The 1930 Novel Decision

After the debacle the year before with Richard Burton supposedly releasing the jury decision early, he did not come back to the novel jury for 1930. He was replaced by Albert Paine, Mark Twain’s literary executor and author of his biography. Along with Robert M. Lovett and Jefferson B. Fletcher, this three man jury would remain in place for 8 years, the longest consistent novel or fiction jury to date. The three men all disagreed on what they thought the best novel of the year was. Fletcher threw his vote behind Oliver La Farge’s Laughing Boy, stating that it presents “a poignant situation, in which living and appealing characters move against a picturesque and historically interesting background.” Robert Lovett argued that It’s a Great War, by Mary Lee, stating that, of all the prize contenders, “it is the biggest piece of fiction I have read, and comes nearest to satisfying the last conditions of which I was notified, i.e. ‘preferably a novel presenting the whole atmosphere of American life.’” Paine, on the other hand, preferred Look Homeward, Angel by Thomas Wolfe, calling it “the work of a genius, slightly demented, as a genius is likely to be.”

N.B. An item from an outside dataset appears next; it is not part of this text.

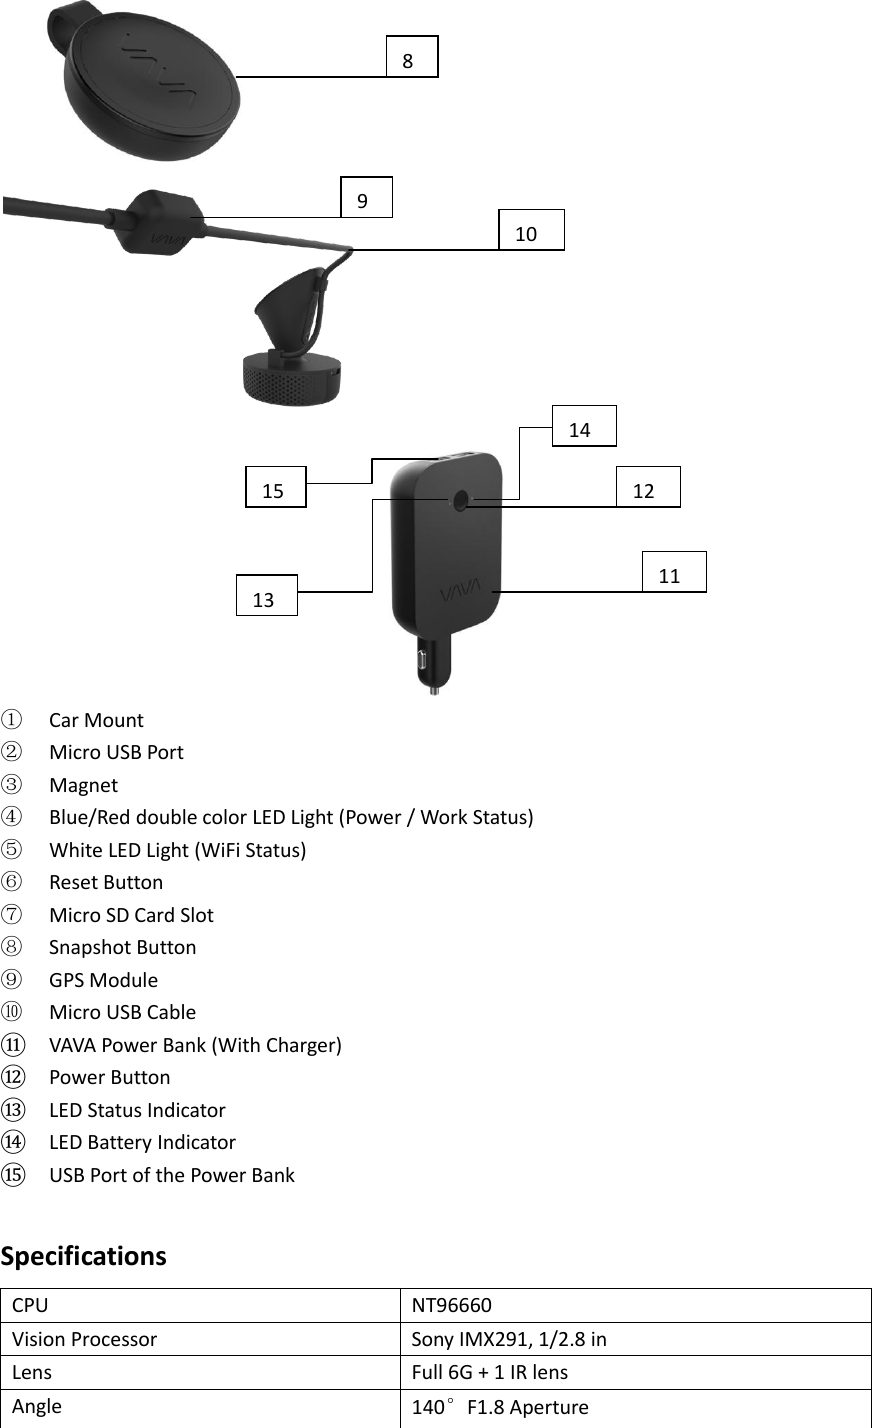    ①   Car Mount ②   Micro USB Port ③   Magnet ④   Blue/Red double color LED Light (Power / Work Status) ⑤   White LED Light (WiFi Status) ⑥   Reset Button ⑦   Micro SD Card Slot ⑧   Snapshot Button ⑨   GPS Module ⑩   Micro USB Cable ⑪   VAVA Power Bank (With Charger) ⑫   Power Button ⑬   LED Status Indicator ⑭   LED Battery Indicator ⑮   USB Port of the Power Bank  Specifications   CPU   NT96660   Vision Processor Sony IMX291, 1/2.8 in Lens   Full 6G + 1 IR lens   Angle   140°F1.8 Aperture   8 9 11 10 12 13 14 15 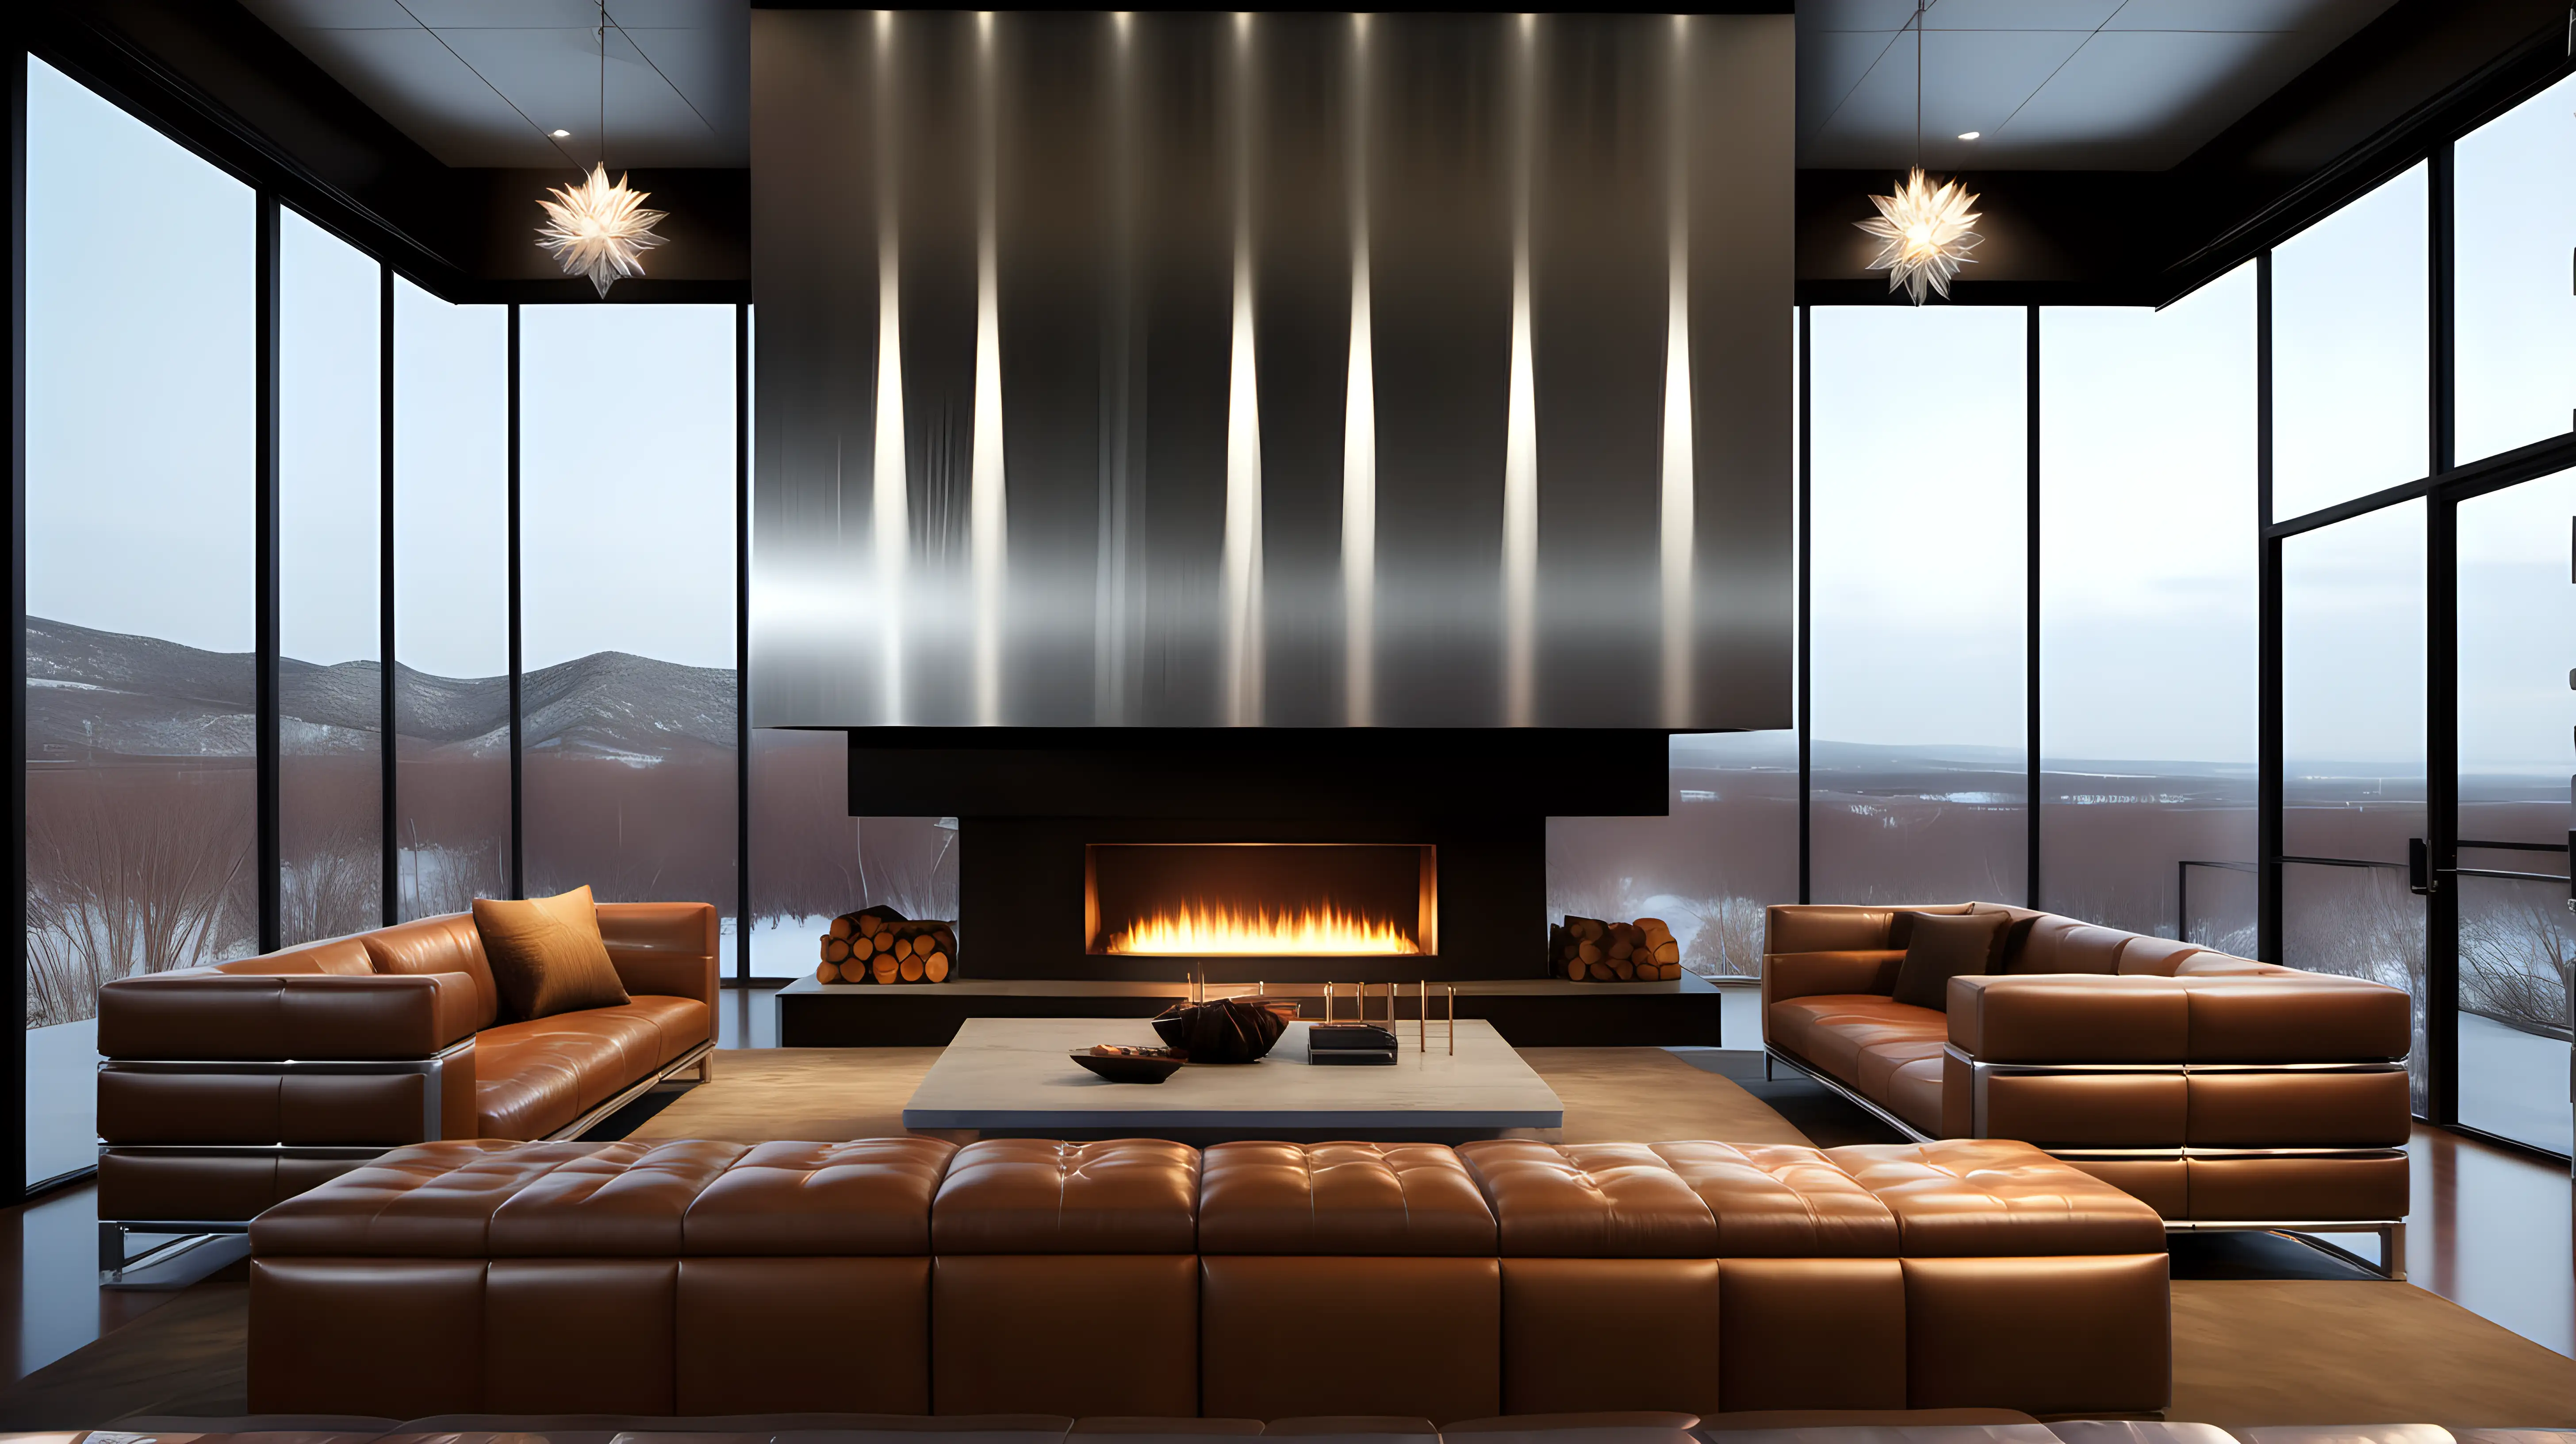 A living room constructed of aluminum paneling and aluminum beams, leather furniture, one fireplace, warm lighting, photo-realistic quality.

The three jury members, however, ultimately decided to collectively agree on Laughing Boy as their recommendation, however the jury report included thoughts from each of the members on what they thought the best novel should be, because, as Fletcher wrote in the report, “since the Trustees have reserved the ultimate decision to themselves, it seems advisable to let each member of the committee speak for himself.” Which is clearly a slight directed at the Prize Committee’s repeated selection of a novel besides the one recommended by the jury.

The Pulitzer Prize Committee did select Laughing Boy to win the Pulitzer in 1930, although John Hohenburg writes that “it was not a popular selection. Nor was there any letup in the critical barrage against the Fiction [sic] Prize.”